The site of the Tuckerton Seaport was built on a formerly-wooded site along Tuckerton Creek, which had long been slated for commercial development. In 1989, plans for a motel, campground, and marina were brought to the planning board. July 1993, Barnegat Bay Decoy and Baymen's Museum opened adjacent to Stanley "Tip" Seaman Park, on a site currently occupied by tennis courts. The Baymen's museum officially announced a revised plan for commercial development on the Tuckerton Creek site, an 11-building village dubbed the "Tuckerton Seaport". However, as planning and development were underway, the plan for the site grew larger than originally proposed.

Developed by the Casino Reinvestment Development Authority, the $11.3 million Tuckerton Seaport project officially opened on May 13, 2000, to a crowd of over a thousand, dedicated by then-governor Christine Todd Whitman and the widow of Jacques Cousteau, among others.
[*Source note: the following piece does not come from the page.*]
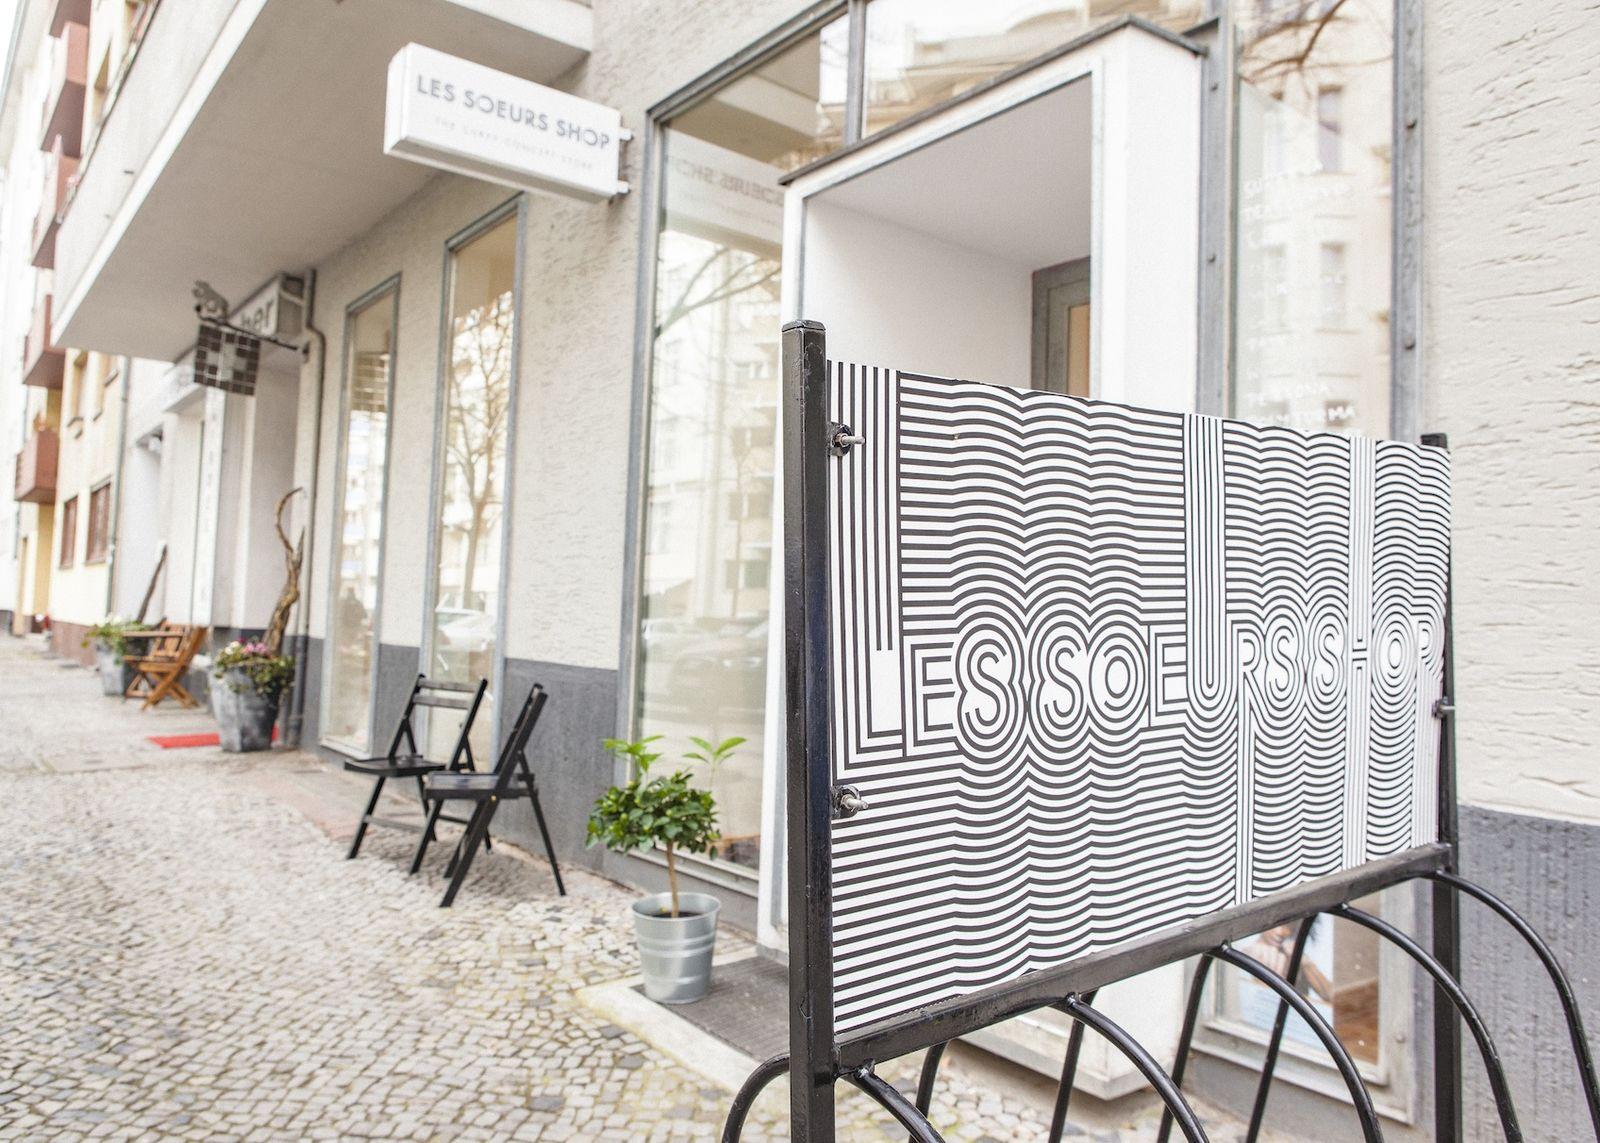 Les Soeurs Shop - The Curvy Concept Store in Berlin (Bild 8)

However, the village held an unofficial "soft opening" a week earlier. In preparation for the new traffic created by the museum, the intersection of Route 9 and Great Bay Boulevard was redesigned, eliminating the "fork in the road" and the addition of Tuckerton's second traffic light. The nautical-style lampposts seen throughout the seaport were originally located at the former Trump Marina in Atlantic City, but were dismantled and then shipped to Tuckerton to make way for the Atlantic City–Brigantine Connector.

The special edition New Jersey license plate known as "Baymen's Heritage" features an image of the Tucker's Island Lighthouse along with a Canada goose decoy. The plates were introduced in 1998 to benefit the construction of the Tuckerton Seaport; the plates are still available for purchase.

In 2010, the New Jersey Surf Museum opened at the seaport, which documents the culture of surfing in New Jersey as well as displaying of over 300 boards. It is the only surfing museum in the state.

==Exhibits==
- Visitor Center/Gift Shop - The Visitor Center serves as for Tuckerton Seaport's partner organization, Jacques Cousteau National Estuarine Research Reserve. On the third floor, the "Life on the Edge" exhibit is dedicated to the Barnegat Bay Estuary. The lower floor of the Visitor Center features the "Walk on the Wildside" exhibit interpreting the four habitats of the Jersey Shore with a three wall mural and taxidermied animals.
- New Jersey Surf Museum - Museum documenting the history of surfing in New Jersey, where many rare or collectible boards are on display.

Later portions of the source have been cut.